» Description of the task: Could you return only the lines that run from the line with "lugz women's tambora winter boots" through the final line of the data, exactly as they stand?

==================================================

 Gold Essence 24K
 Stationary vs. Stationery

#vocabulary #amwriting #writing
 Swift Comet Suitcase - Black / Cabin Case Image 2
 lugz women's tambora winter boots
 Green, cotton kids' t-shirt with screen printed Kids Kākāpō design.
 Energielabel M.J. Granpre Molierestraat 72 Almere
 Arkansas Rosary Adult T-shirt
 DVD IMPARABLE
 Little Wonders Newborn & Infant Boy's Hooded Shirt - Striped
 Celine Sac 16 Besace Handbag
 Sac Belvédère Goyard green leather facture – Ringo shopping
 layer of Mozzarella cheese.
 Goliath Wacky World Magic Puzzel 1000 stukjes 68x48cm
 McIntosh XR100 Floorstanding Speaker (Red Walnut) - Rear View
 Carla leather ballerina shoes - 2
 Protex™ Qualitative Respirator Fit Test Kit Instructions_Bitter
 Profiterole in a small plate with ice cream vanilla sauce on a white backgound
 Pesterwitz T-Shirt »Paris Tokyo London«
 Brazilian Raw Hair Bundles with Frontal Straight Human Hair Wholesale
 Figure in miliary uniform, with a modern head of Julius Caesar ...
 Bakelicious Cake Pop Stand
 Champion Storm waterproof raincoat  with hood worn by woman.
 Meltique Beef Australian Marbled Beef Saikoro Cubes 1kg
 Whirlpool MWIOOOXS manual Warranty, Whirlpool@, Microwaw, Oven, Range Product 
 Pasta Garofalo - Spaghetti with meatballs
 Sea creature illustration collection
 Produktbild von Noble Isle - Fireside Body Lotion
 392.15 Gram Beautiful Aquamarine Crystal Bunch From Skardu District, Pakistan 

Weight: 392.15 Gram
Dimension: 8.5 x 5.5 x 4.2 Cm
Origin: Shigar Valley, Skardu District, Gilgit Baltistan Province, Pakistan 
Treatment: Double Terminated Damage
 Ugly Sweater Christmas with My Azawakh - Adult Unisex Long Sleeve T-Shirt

==================================================

» Solved problem:
 lugz women's tambora winter boots
 Green, cotton kids' t-shirt with screen printed Kids Kākāpō design.
 Energielabel M.J. Granpre Molierestraat 72 Almere
 Arkansas Rosary Adult T-shirt
 DVD IMPARABLE
 Little Wonders Newborn & Infant Boy's Hooded Shirt - Striped
 Celine Sac 16 Besace Handbag
 Sac Belvédère Goyard green leather facture – Ringo shopping
 layer of Mozzarella cheese.
 Goliath Wacky World Magic Puzzel 1000 stukjes 68x48cm
 McIntosh XR100 Floorstanding Speaker (Red Walnut) - Rear View
 Carla leather ballerina shoes - 2
 Protex™ Qualitative Respirator Fit Test Kit Instructions_Bitter
 Profiterole in a small plate with ice cream vanilla sauce on a white backgound
 Pesterwitz T-Shirt »Paris Tokyo London«
 Brazilian Raw Hair Bundles with Frontal Straight Human Hair Wholesale
 Figure in miliary uniform, with a modern head of Julius Caesar ...
 Bakelicious Cake Pop Stand
 Champion Storm waterproof raincoat  with hood worn by woman.
 Meltique Beef Australian Marbled Beef Saikoro Cubes 1kg
 Whirlpool MWIOOOXS manual Warranty, Whirlpool@, Microwaw, Oven, Range Product 
 Pasta Garofalo - Spaghetti with meatballs
 Sea creature illustration collection
 Produktbild von Noble Isle - Fireside Body Lotion
 392.15 Gram Beautiful Aquamarine Crystal Bunch From Skardu District, Pakistan 

Weight: 392.15 Gram
Dimension: 8.5 x 5.5 x 4.2 Cm
Origin: Shigar Valley, Skardu District, Gilgit Baltistan Province, Pakistan 
Treatment: Double Terminated Damage
 Ugly Sweater Christmas with My Azawakh - Adult Unisex Long Sleeve T-Shirt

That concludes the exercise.